Verschieden farbige Tabletten Shutterstock/okskaz

Arzneimittelreport 2020: Medikationsplan selten genutzt

2 Min. Lesezeit

Fehlende Medikationspläne erschweren die richtige Behandlung, zum Beispiel im Krankenhaus. Es wird nach neuen, digitalen Lösungen für eine bessere Umsetzung gesucht

Seit dem 1.10.2016 haben gesetzlich Versicherte mit mindestens drei verordneten Arzneimitteln Anspruch auf den bundeseinheitlichen Medikationsplan. Auf diesem werden in standardisierter A4-Form vom medizinischen Fachpersonal alle wichtigen Angaben, wie Dosierung, Wirkstoff und Präparat in eine Tabelle eingetragen. Bei einer Krankenhauseinlieferung können die dort Behandelnden dann auf die Übersicht zurückgreifen – so zumindest die Theorie.

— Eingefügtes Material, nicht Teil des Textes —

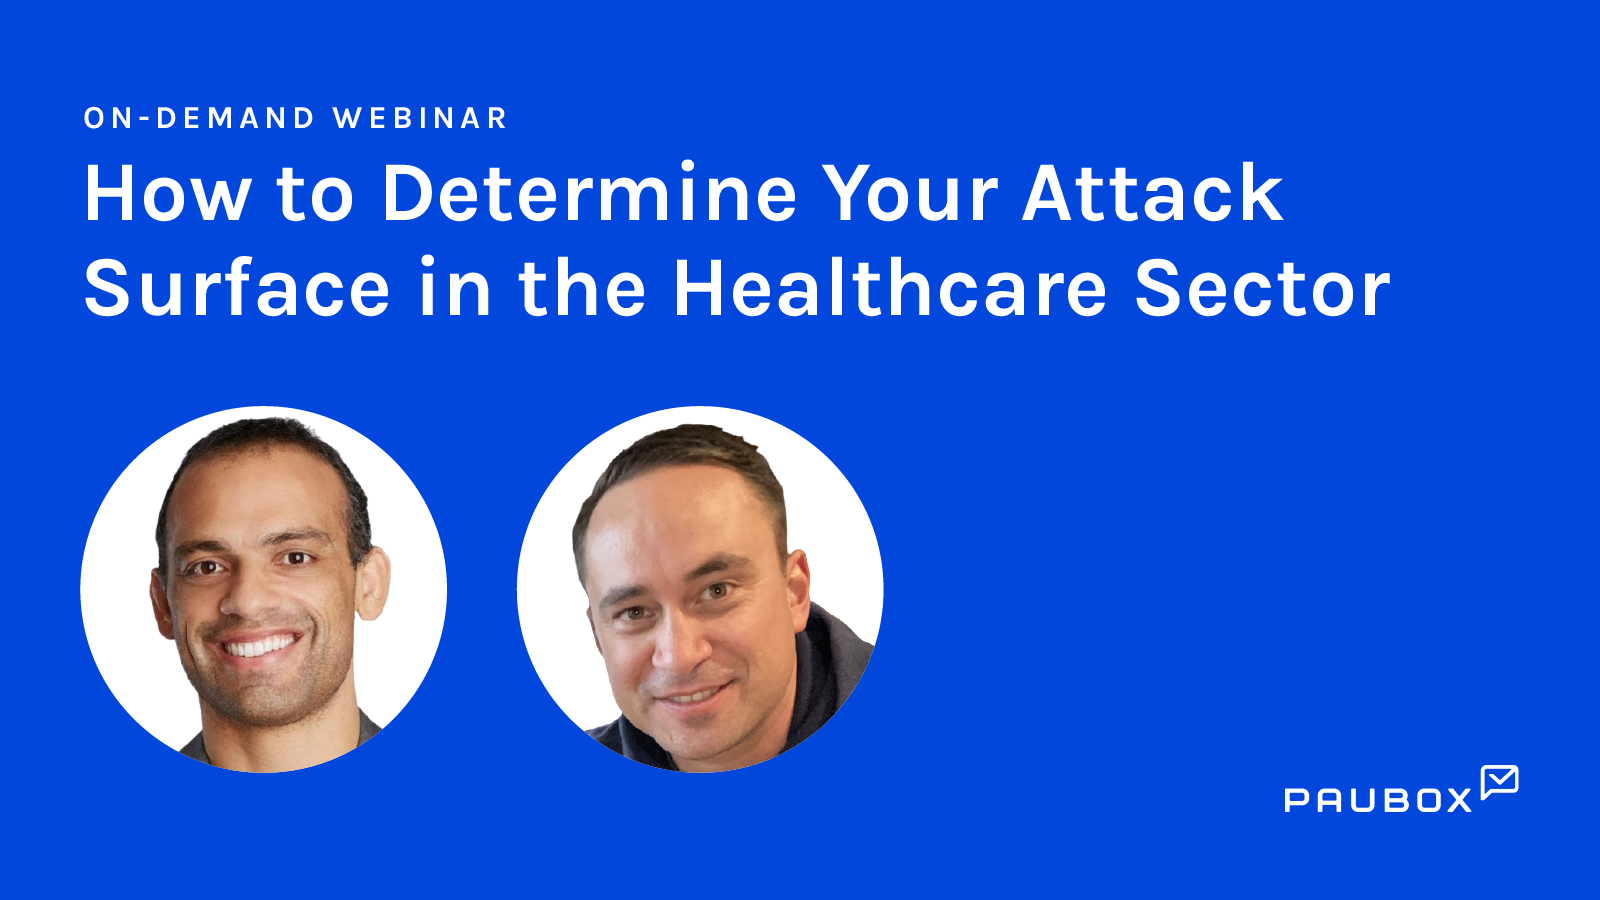 How to determine your attack surface in the healthcare sector
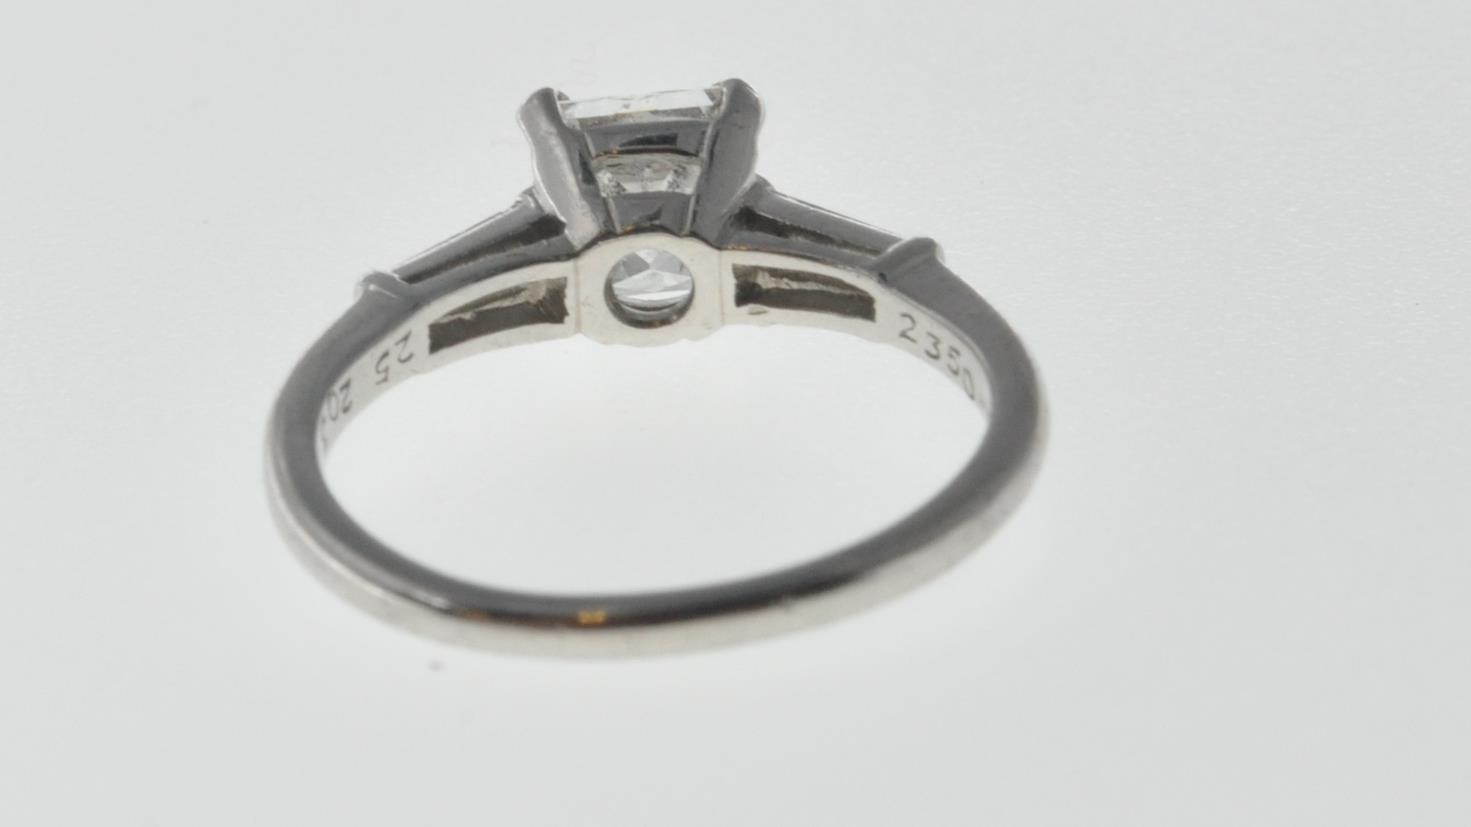 PLATINUM AND DIAMOND SOLITAIRE RING - Image 5 of 7

Die Krankenkasse Barmer zeigt sich nun nach Auswertung ihres Arzneimittelreports 2020 besorgt: Nur 29 Prozent der Patientinnen und Patienten in Deutschland, die mindestens fünf Arzneimittel gleichzeitig einnehmen müssen, haben bei der Aufnahme in ein Krankenhaus den bundeseinheitlichen Medikationsplan dabei. Und 17 Prozent besitzen die für das Krankenhauspersonal dringend nötige Auflistung der verschriebenen Medikamente gar nicht. Dabei geht die Zahl der sogenannten Polypharmaziepatientinnen und Patienten, die pro Jahr mindestens einen Krankenhausaufenthalt verzeichnen, in die Millionenhöhe.

Außerdem sind Patientinnen und –patienten, die sehr viele Medikamente nehmen, gesundheitlich besonders gefährdet. Umso wichtiger ist die genaue Information über alle eingenommenen Medikamente.

Wie man mehr Betroffene mit einem ausführlichen Medikationsplan ausstatten kann, überlegen daher nach dem Report die beteiligten Institutionen. Simone Heinemann-Meerz, Präsidentin der Ärztekammer in Sachsen-Anhalt sieht ein Problem im aktuellen Format des Medikationsplanes. Man müsse weg von den A4-Zetteln, hin zu einer elektronischen Übermittlung der Patientendaten zwischen ärztlichen Personal und Krankenhäusern. Die von der Bundesregierung ab 2021 geplante elektronische Patientenakte könnte auch hier eine Lösung bieten.